Georgette Madison agrees. The 29-year-old mother sought refuge at Lotus House in 2013 after she says her brother, while struggling with mental illness, became aggressive. At the time, they were both living with her mother in Little Haiti, and out of fear for herself and her five-year-old daughter they left with a single bag of belongings.
A former foster child herself, Madison was scared that her daughter would have the same fate.
“I knew I didn’t want that for her,” she said, sitting on a wood-carved bench facing a playground. “Lotus House offered that sense of normalcy and home. Of being human.”
Madison says she had tried once before to get into Lotus House, but the shelter was full. This time, there was space. She had a job within 90 days working in hardware stores, and after a year — the typical length of stay at Lotus House — she’d earned enough money to rent her own place. Now she’s part of the Lotus House staff, helping women who find themselves in similar situations. With an expansion, she will be able to help more women and children.
In some ways, a redevelopment might be bitter sweet. Many of the staff who work at Lotus House have a deep connection to the place that helped them in their darkest moments, and there is a unique authenticity to the complex, which blends in so perfectly that people sometimes stop by looking to sign a lease. Collins herself was married in the courtyard here in 2008 to Margulies, now her ex-husband and close friend.
But Collins says there will be no regrets about tearing down her creation.
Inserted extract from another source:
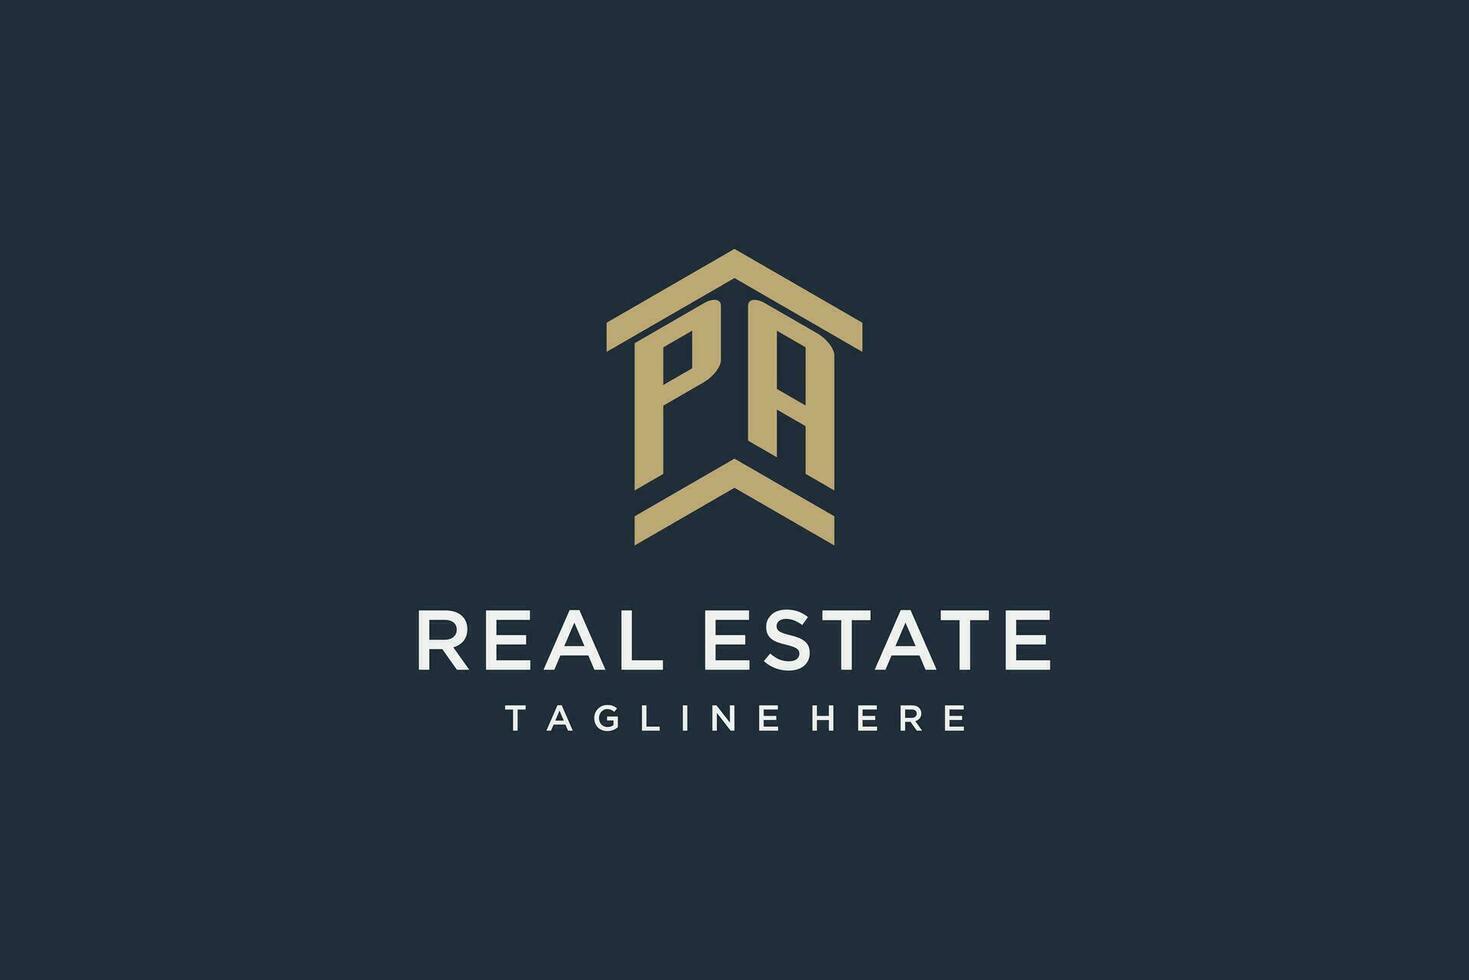 Initial PA logo for real estate with simple and creative house roof icon logo design ideas vector
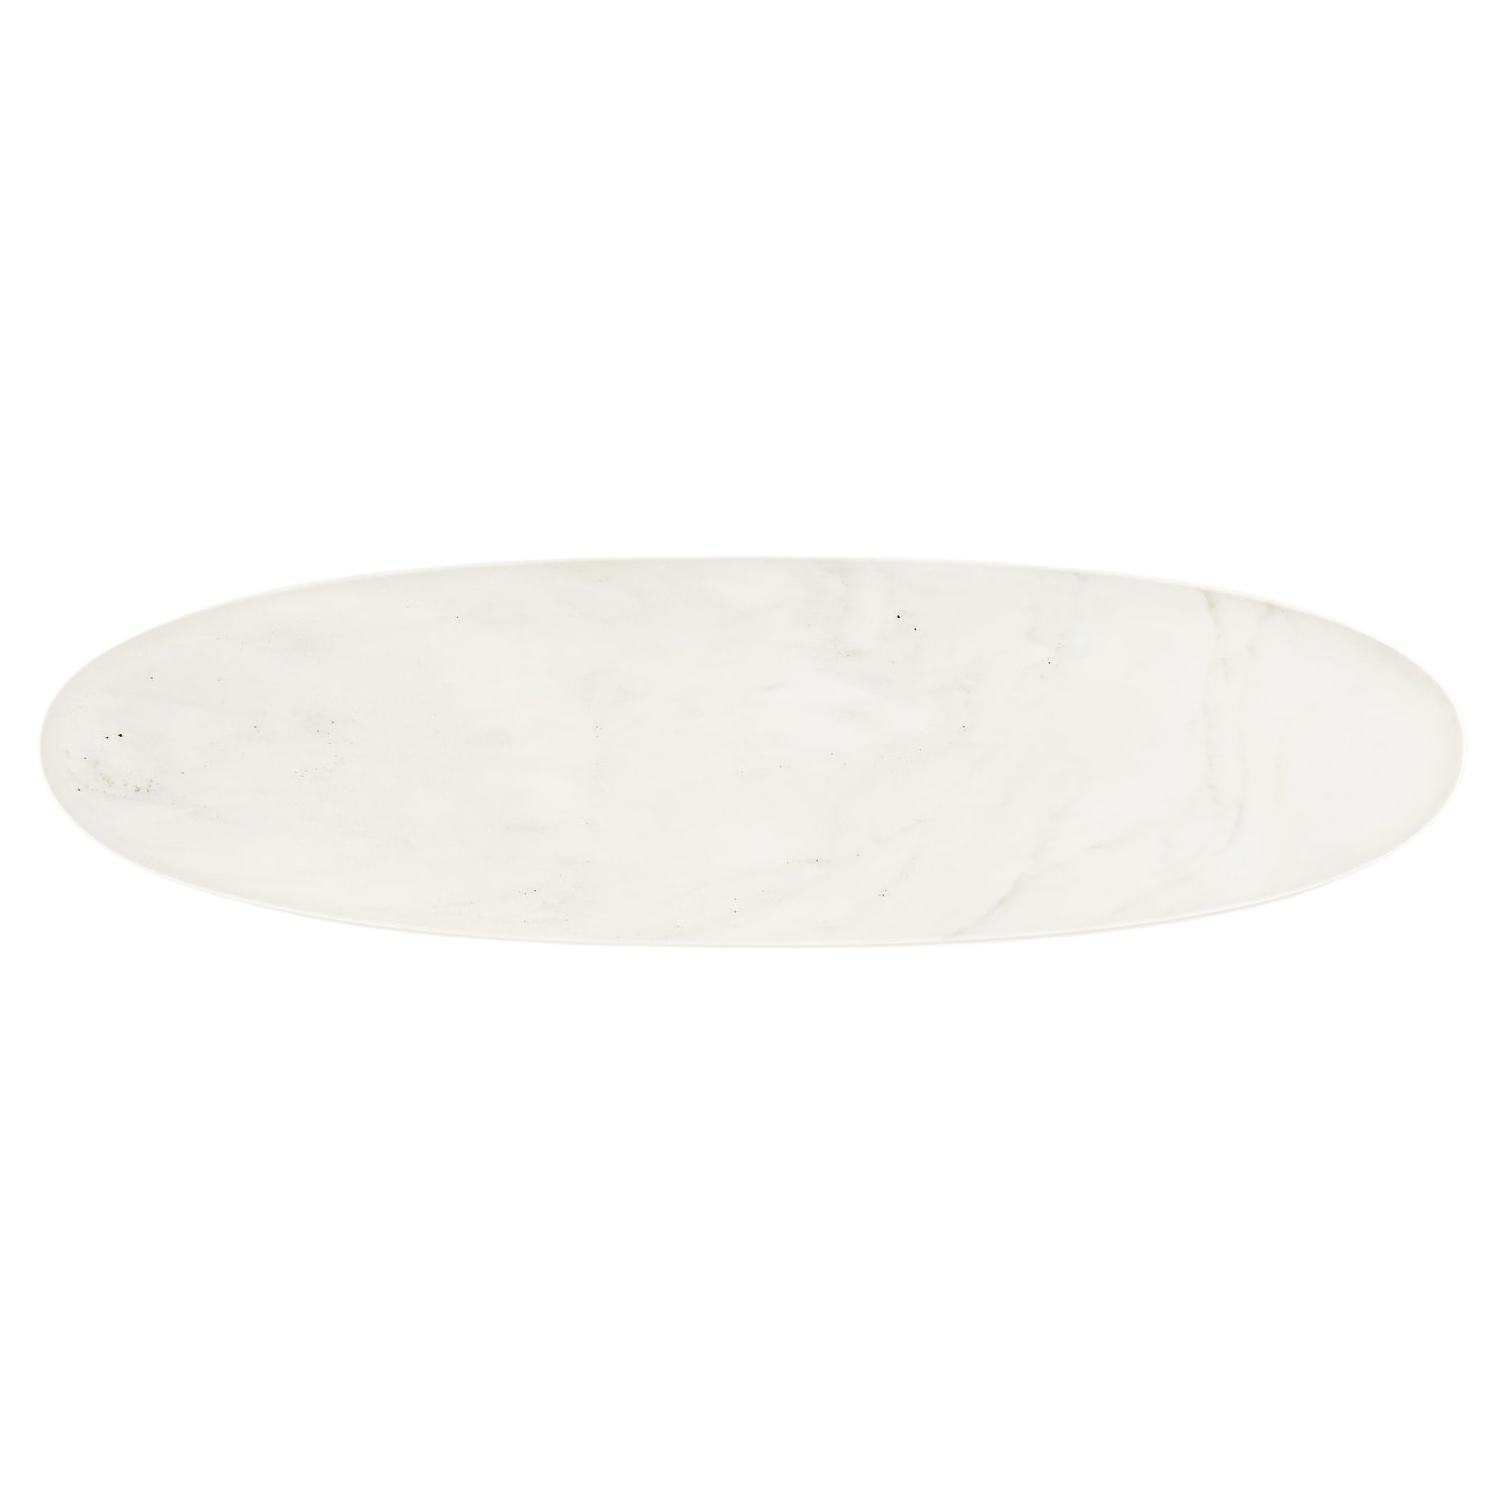 Sepia Tray by Homefolks For Sale

“As much as the campus we've created has been a very sweet home over the years, it's about the people, not the buildings,” she said. “Any nostalgia is completely secondary to me.”
The new building, if a required zoning change is approved by Miami commissioners, will include a library, a yoga room, a full-scale neighborhood wellness center, a teaching kitchen, maternity ward and a salon. An outdoor pavilion is planned for live musical performances and inspirational speakers. Lotus House has already submitted plans to the city and applied for a zoning change.
Collins hopes to secure approval to build this spring. She is already moving out shelter property and women and children are being relocated to newly acquired apartment buildings in the neighborhood to make way for demolition. She’s also seeking donations to help pay for the redevelopment, and looking for new funding sources for an operational budget that will increase when the new shelter reopens.
Margulies, who made his millions developing condos before retiring and becoming an art collector, says he’s prepared to pay off whatever the endowment fund can’t cover on the loan. He will be the developer of Lotus Village, which will be his last project.
“When you're fortunate enough to have a good amount of wealth, you want to make sure that money goes to a very valid cause and this certainly fits the bill,” he said. “It’s not just a place. It’s more than that.”